• _REQUIRED ACTION_
Since the records include pictures, leave those out while you reproduce exactly and only the lines from the one containing "Calcio! - Ebook" through the one containing "Buon compleanno! Tanti", inclusive.

• _MATERIAL PROVIDED_
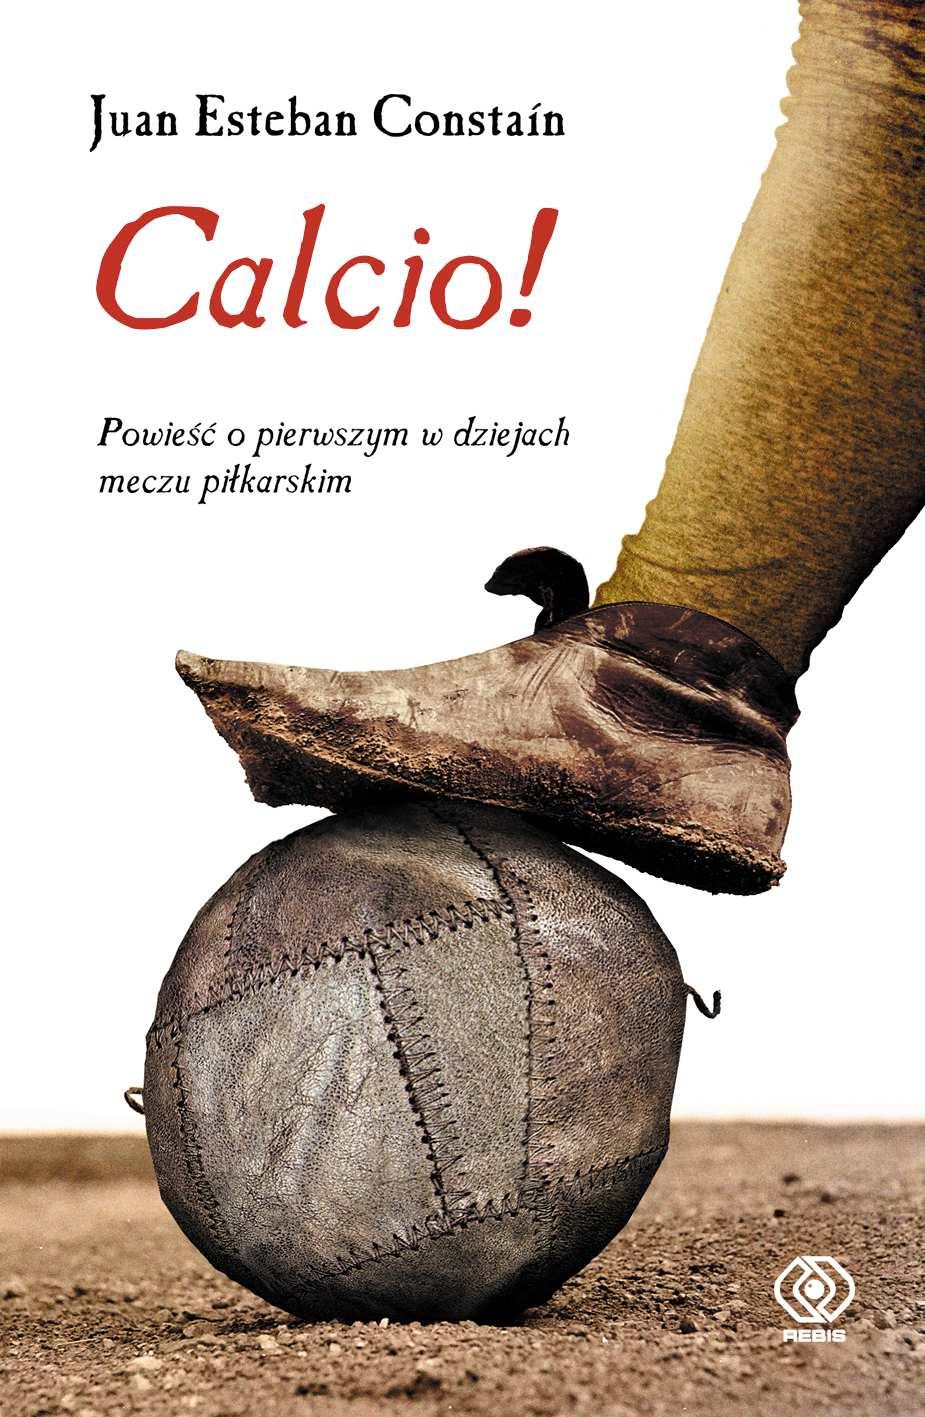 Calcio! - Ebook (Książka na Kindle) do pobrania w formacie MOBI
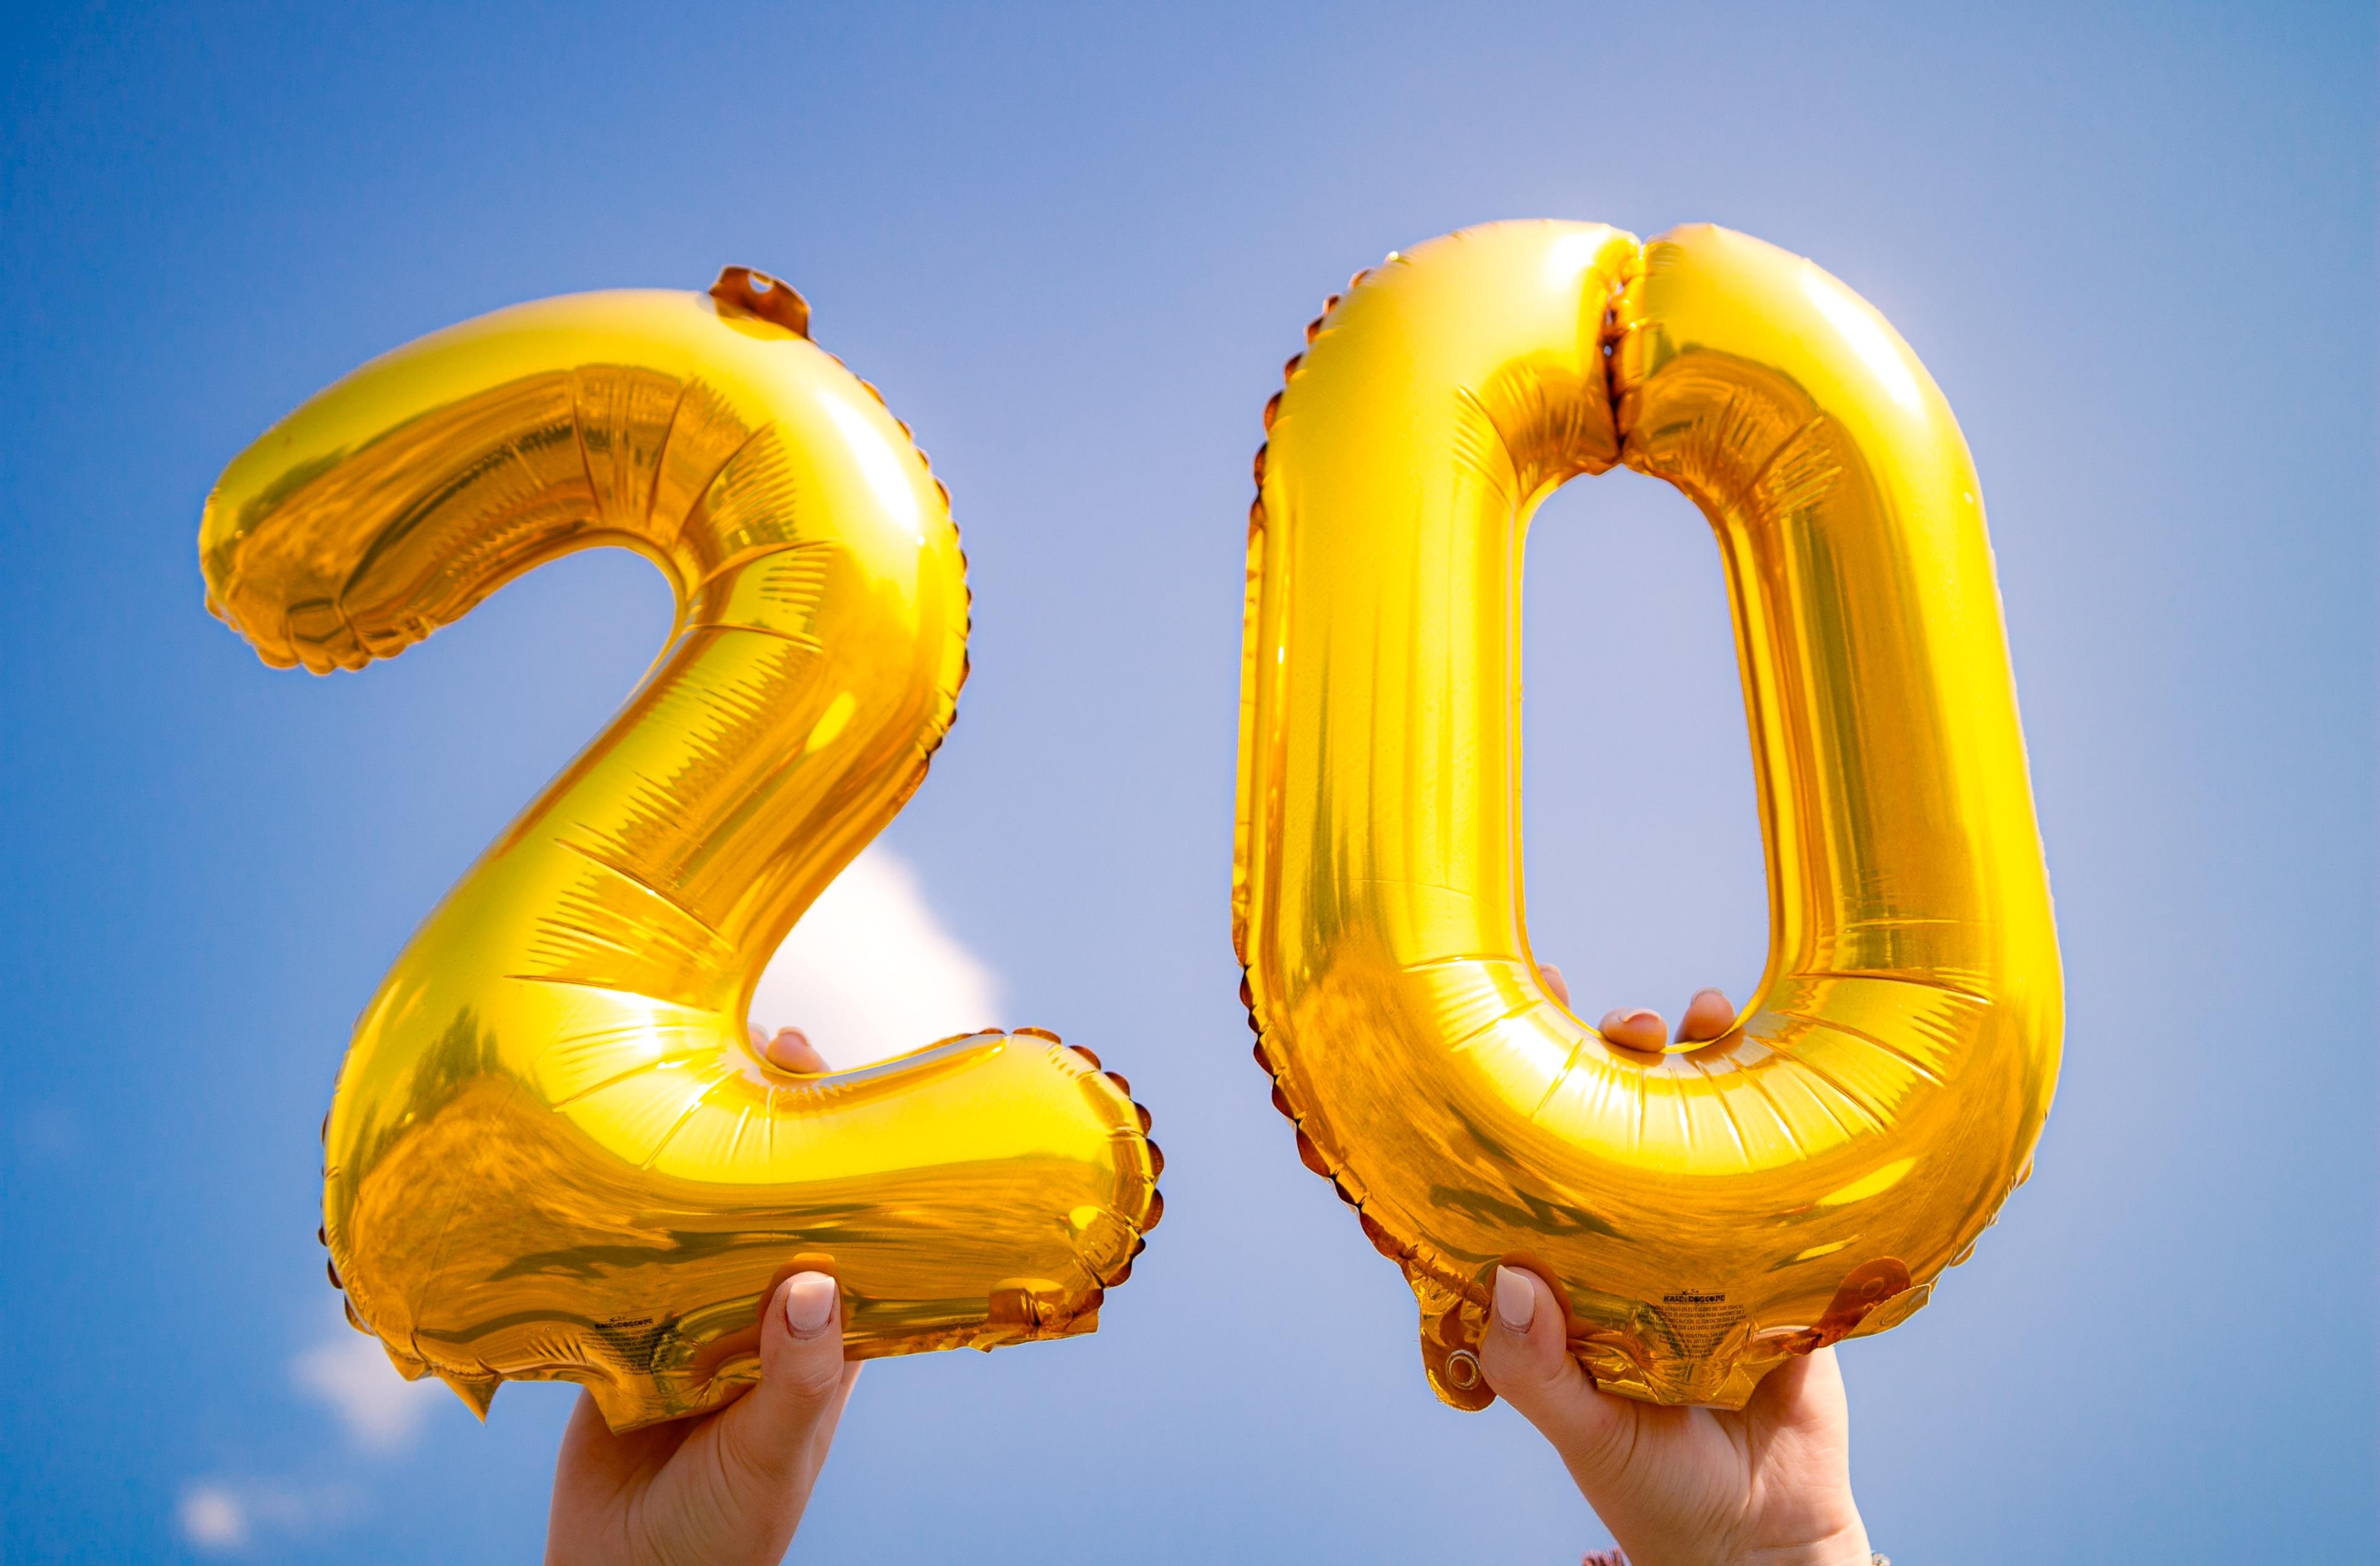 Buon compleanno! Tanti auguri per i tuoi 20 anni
---
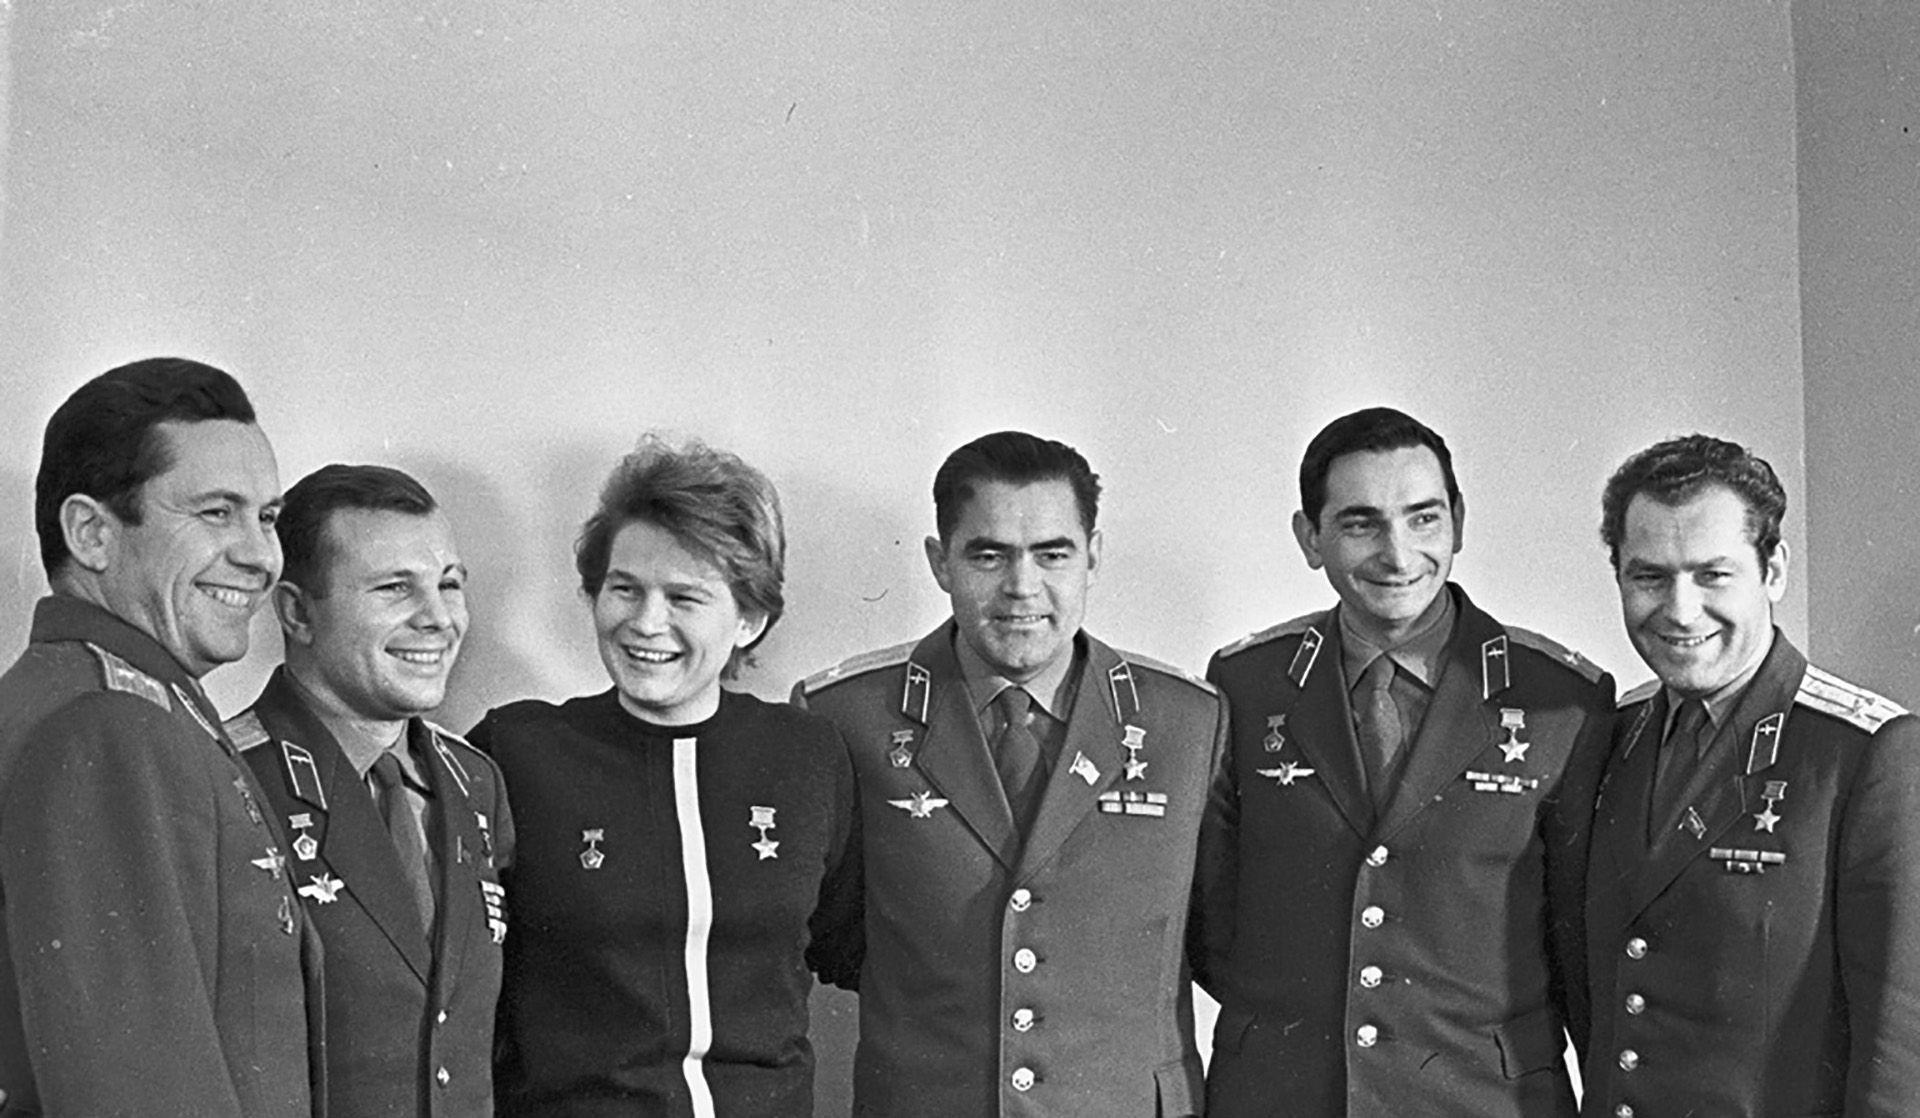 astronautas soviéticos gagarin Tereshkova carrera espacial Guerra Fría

• _SOLUTION BELOW_
 Calcio! - Ebook (Książka na Kindle) do pobrania w formacie MOBI
 Buon compleanno! Tanti auguri per i tuoi 20 anni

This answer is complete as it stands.